OECD Tak Memberi Perlakuan yang Sama
Setelah beberapa dekade berakhir tanpa tindakan, proses penyusunan proposal maju pesat. Setelah publikasi proposal tersebut belum lama ini, OECD akan membuat versi finalnya pada 2020 dan meletakkan landasan untuk sistem perpajakan internasional yang baru. Setelah tanggal itu, praktis tidak mungkin memengaruhi proses reformasinya.
Itu sebabnya kita perlu mengingatkan negara-negara berkembang. Mereka tidak dapat lagi mengatakan bahwa mereka tidak memiliki suara dalam proses tersebut.
OECD telah memberi mereka tempat di meja perundingan dengan menciptakan kelompok yang disebut "Kerangka Kerja Inklusif". Dengan beranggotakan 134 orang, kelompok tersebut menjadi arena di mana sistem perpajakan global mendatang akan diputuskan.
Sayangnya, terlepas dari namanya, kami tidak memiliki level permainan yang sama dalam Kerangka Kerja Inklusif ini. Negara-negara kaya memiliki lebih banyak sumber daya manusia, politik, dan keuangan untuk memenangkan pandangan mereka.

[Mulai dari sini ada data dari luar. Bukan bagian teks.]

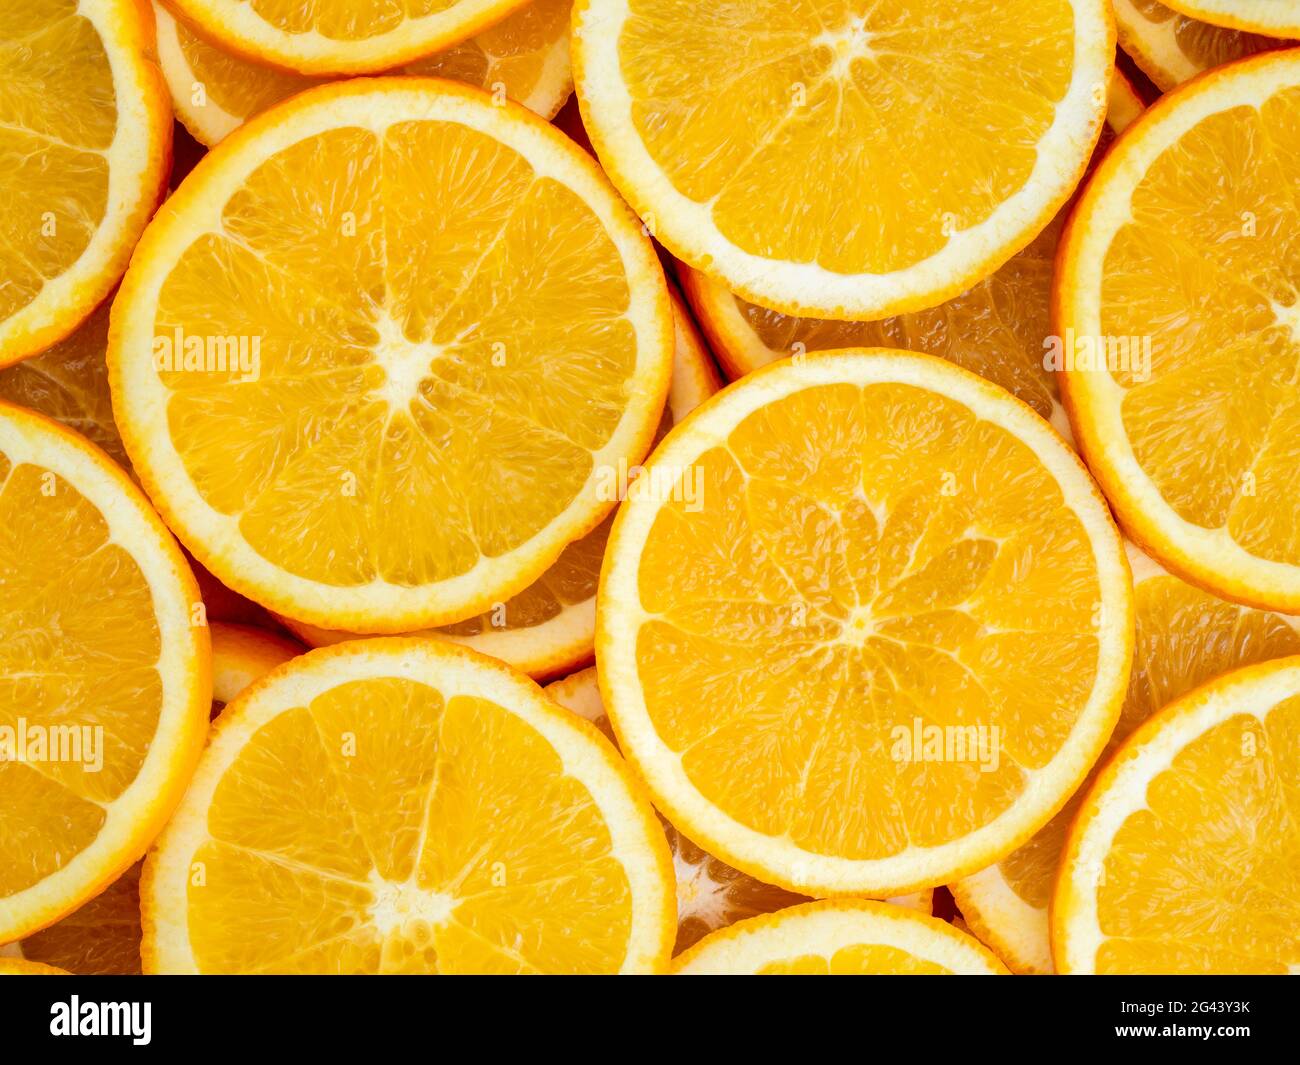 Full frame of orange slices Stock Photo
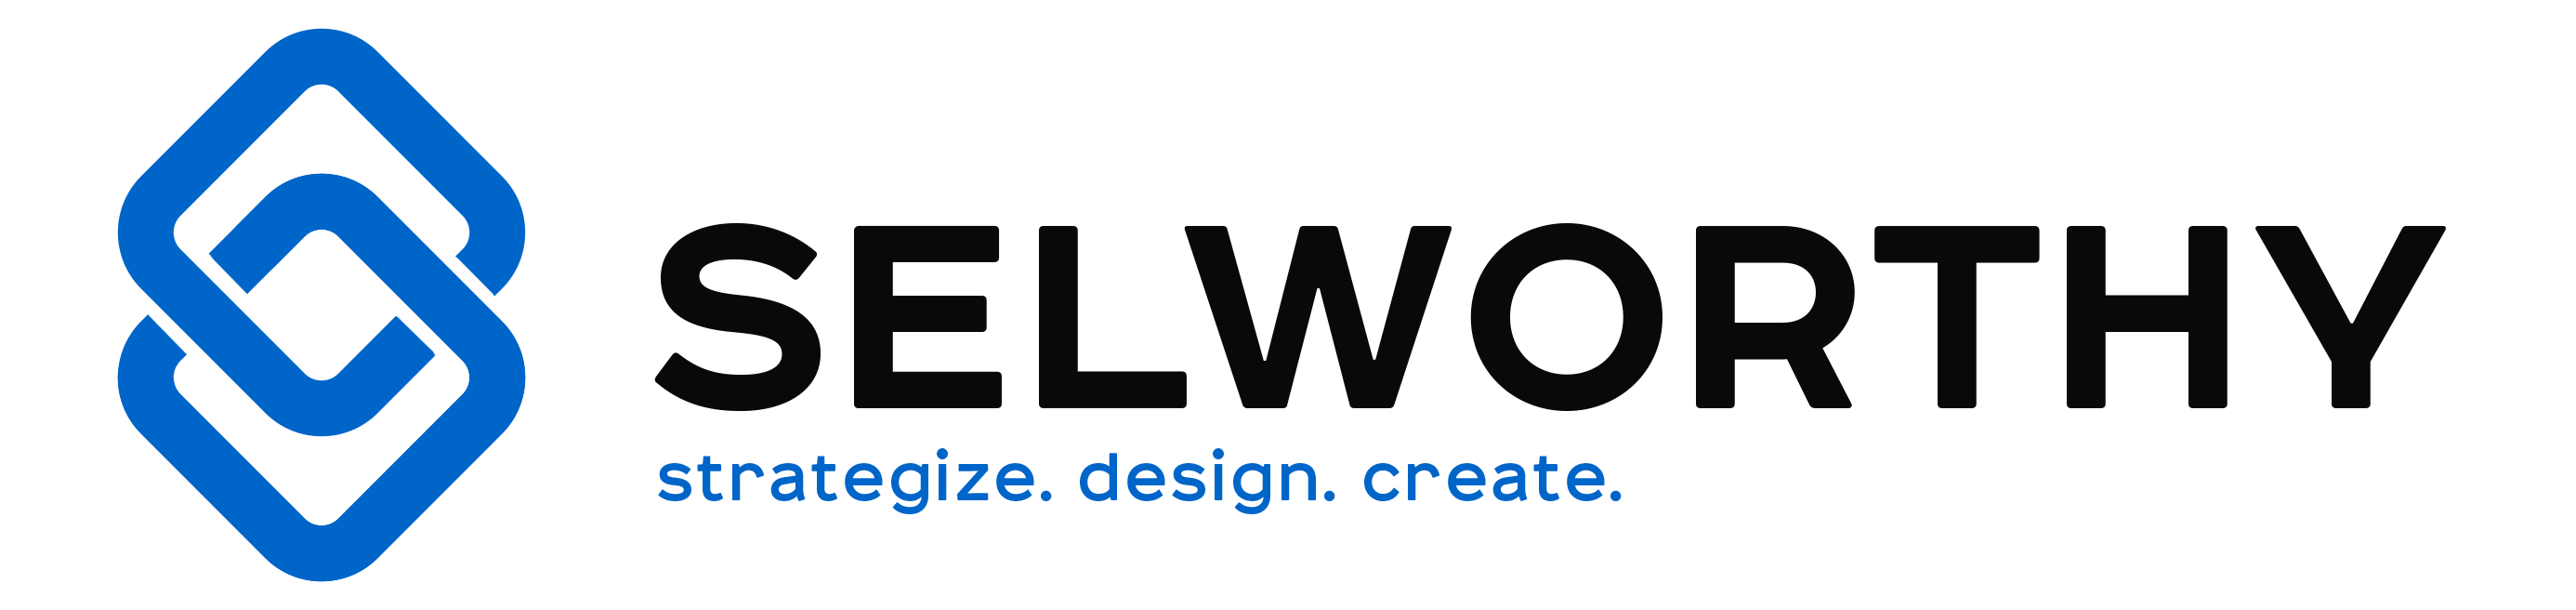 Selworthy Logo - Dark

Dengan jumlah kantor pusat multinasional terbesar, mereka juga paling rentan terhadap tekanan dunia usaha sehingga mengorbankan warga negara mereka sendiri dan seluruh dunia. Tetapi dengan menolak untuk menyadari apa yang dipertaruhkan, negara-negara berkembang juga gagal menghadapi tanggung jawab mereka masing-masing.
Catatan Redaksi:
Katadata.co.id menerima tulisan opini dari akademisi, pekerja profesional, pengamat, ahli/pakar, tokoh masyarakat, dan pekerja pemerintah. Kriteria tulisan adalah maksimum 1.000 kata dan tidak sedang dikirim atau sudah tayang di media lain. Kirim tulisan ke opini@katadata.co.id disertai dengan CV ringkas dan foto diri.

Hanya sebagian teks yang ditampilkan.